Säulen (Pillars) is an extensive organ sonata in three movements. The opening movement picks up a theme from Schönewolf’s Sonata for violin solo, Caritas abundat, transforms it into a space-consuming theme in the pedal and implements it as a passacaglia, then as fugue.
The 130th Psalm (Vulgata: 129th Psalm) belongs to the six penitential psalms and has often been set in notes. The present work begins with a loud, exalted sound of the organ in order to plunge into the depths with this sound.
A solo sonata for violin inevitably draws comparison with Johann Sebastian Bach’s monumental pieces for this instrument.The present work, Caritas abundat, follows in this powerful polyphonic tradition and confronts the musician with considerable technical and musical challenges. The subtitle Song sonata refers to three songs that underlie the three movements of the composition: a medieval chant, a chorale and a folk song.
The Suite for flute solo is a collection of dances with an extensive opening movement in front. Hevel havalim represents a kind of extensive overture. A slow introduction is juxtaposed with a fast section.
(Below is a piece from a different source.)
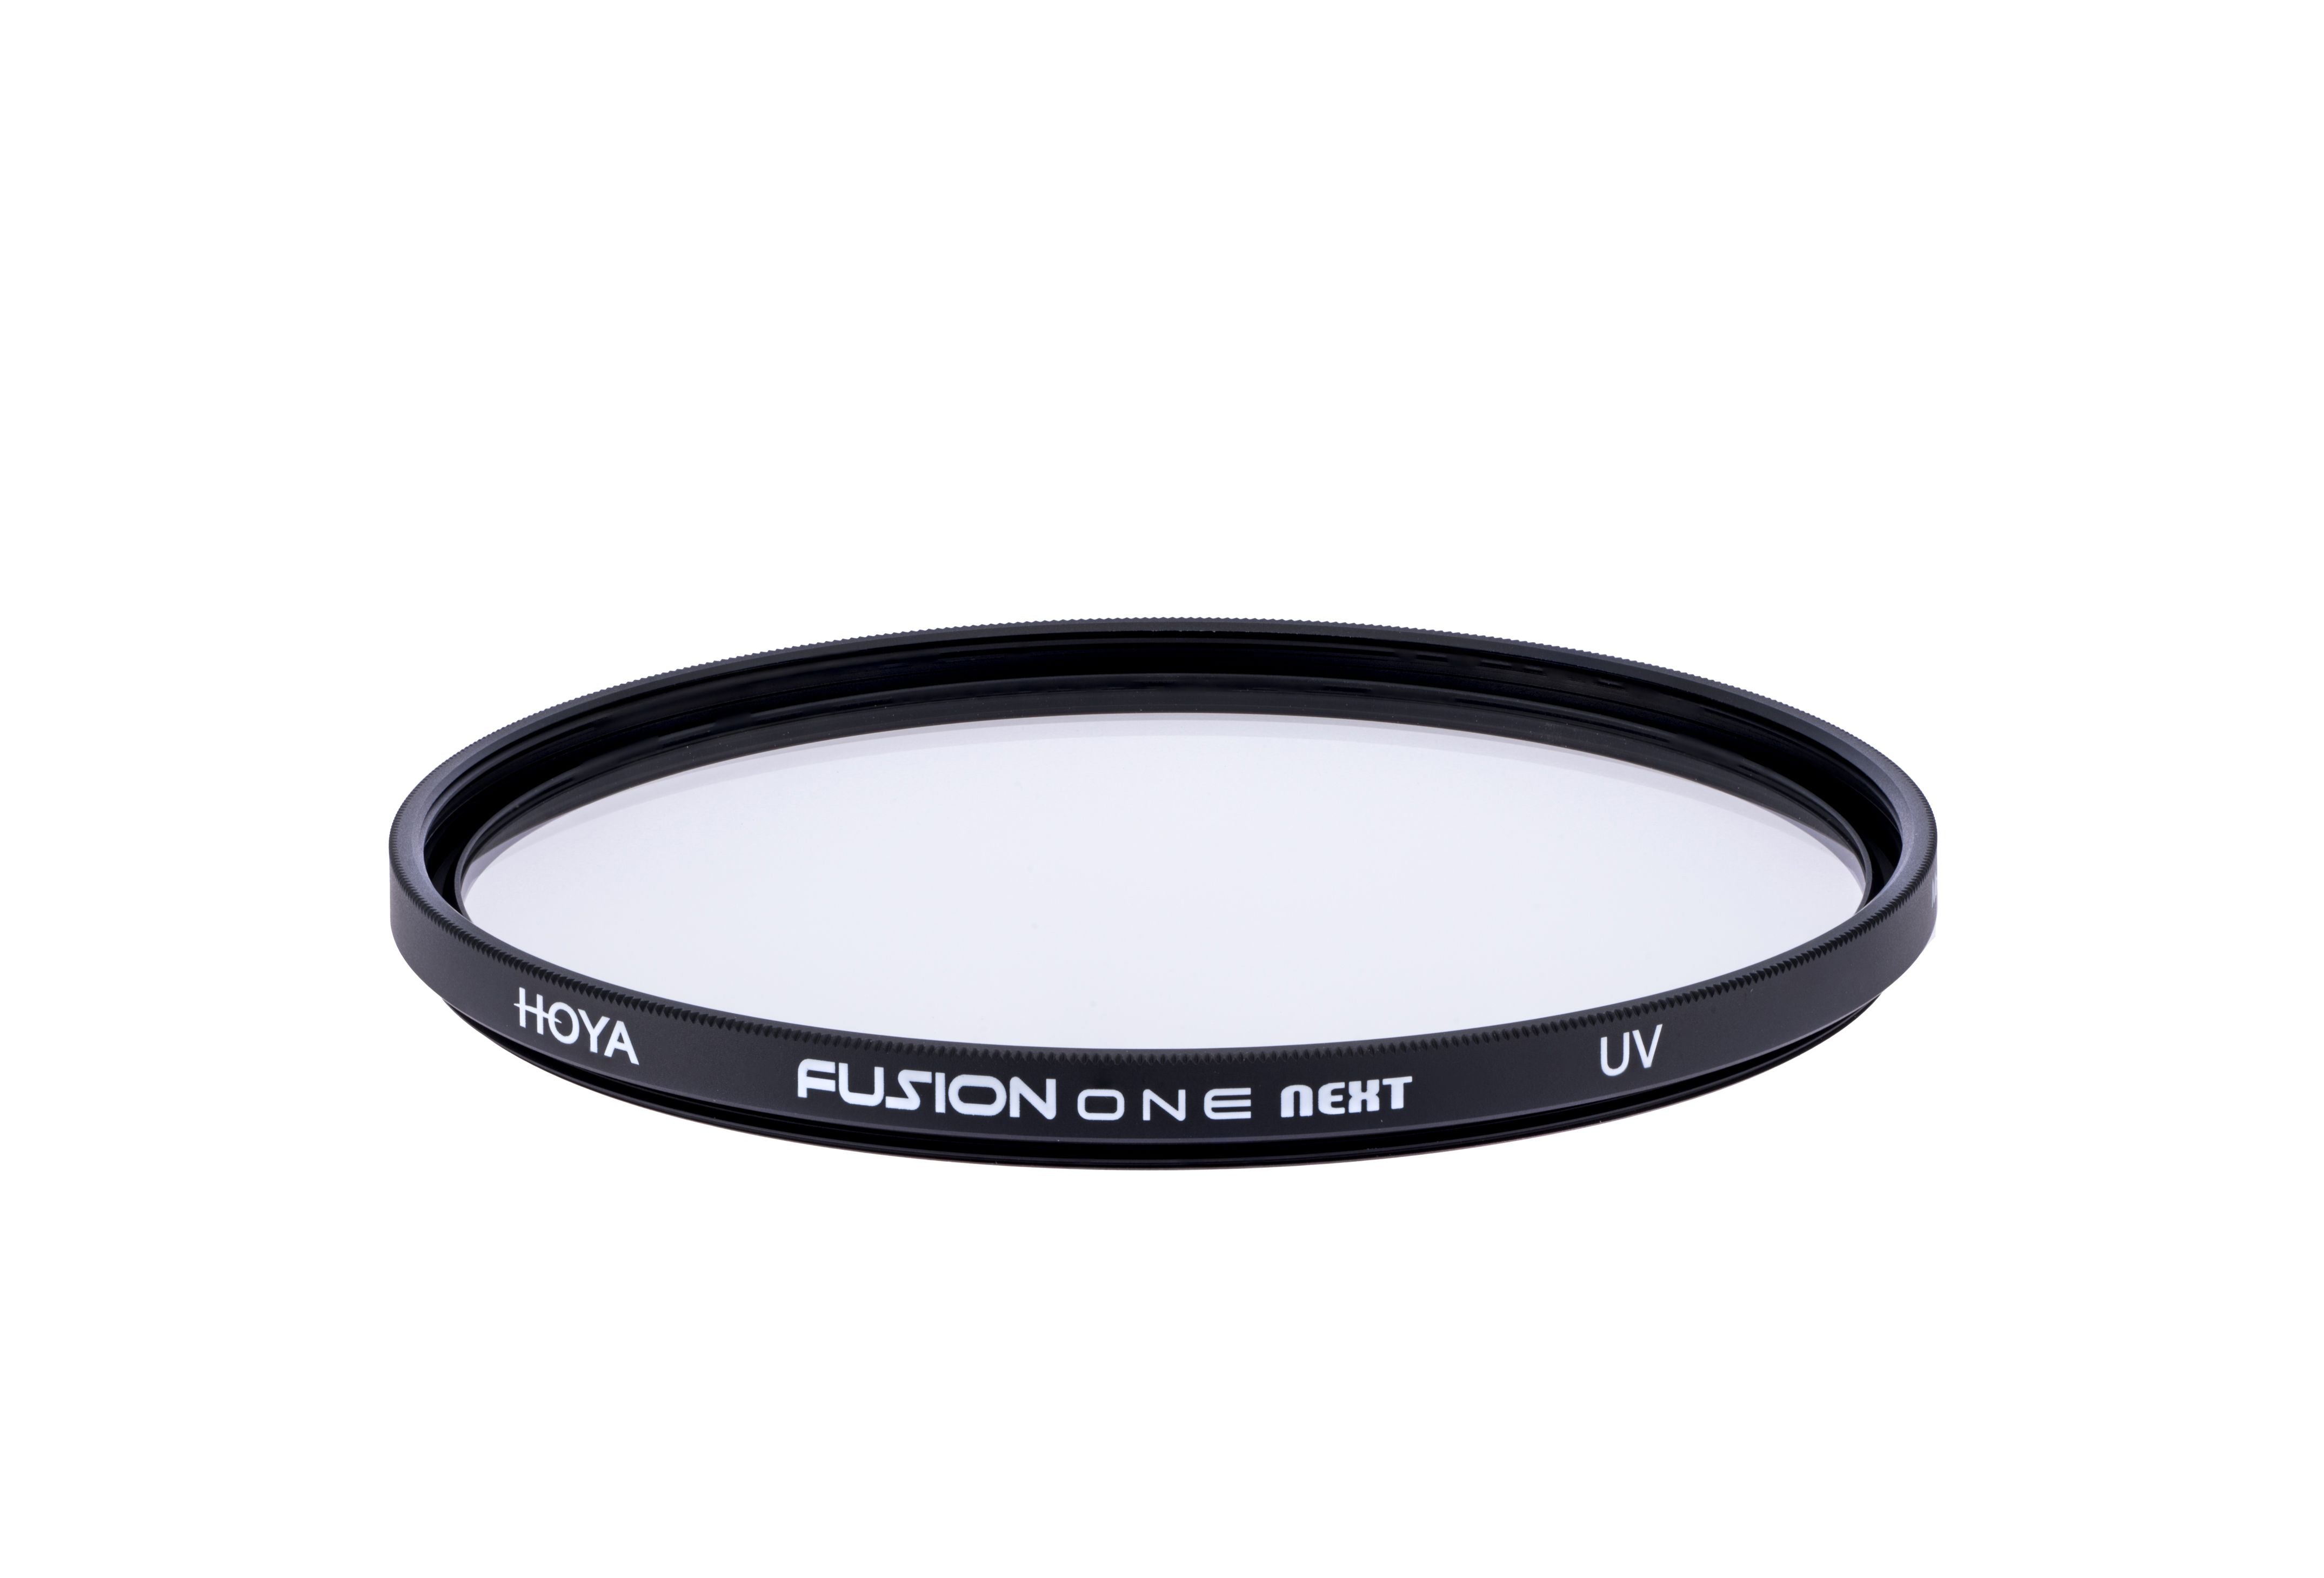 Product Image of Hoya Fusion One Next UV Filter

As a result, the sentence is constantly recomposed from the motifs cut into individual parts.
Songs in PicturesNaturodes in nine pictures, two contemplations and one imprecation for soprano and harp with an exhibition of paintings
“An almost magical experience.” Kölner Stadt-Anzeiger The songs in pictures, a synaesthetic work of art with lyric, painting and music, is an ode to beauty, beauty, as reflected in art, in the aesthetics of philosophy and religion, in the sublime nature.
Schwebungen is a work about flying, hovering and pulls out all the tonal stops – in versions for recorder and saxophone quartet. Desireful, breathy, dragging with cranes, roaming in wild dances, cooing, courtship, flapping wings, plunging down in virtuoso cascades. Chordal cloud clusters, like cotton wool pressing, above them condensation trails of free melodic lines.
Following the extremely arduous and protracted work of composing the Concerto for String Quartet SOLO, this piece was initially conceived as a short and simple work for flute, viola and harp—an instrumentation which preoccupied Debussy among others in one of his late works.
The apparent oxymoron in the title of String Quartet No. 2 refers to a formal peculiarity of the work: four of its five movements end in a solo cadenza for one of the instruments—the fifth movement opens with this cadenza—which forms a recurring theme throughout the work.
Today an increasing number of church choirs are lamenting the lack of male voices. The present Chorbuch a tre addresses this situation with 160 three-part settings. The collection, designed for ecumenical use, offers a broad selection of choral settings for the church year, times of the day, praise and thanks, the Ordinary, etc.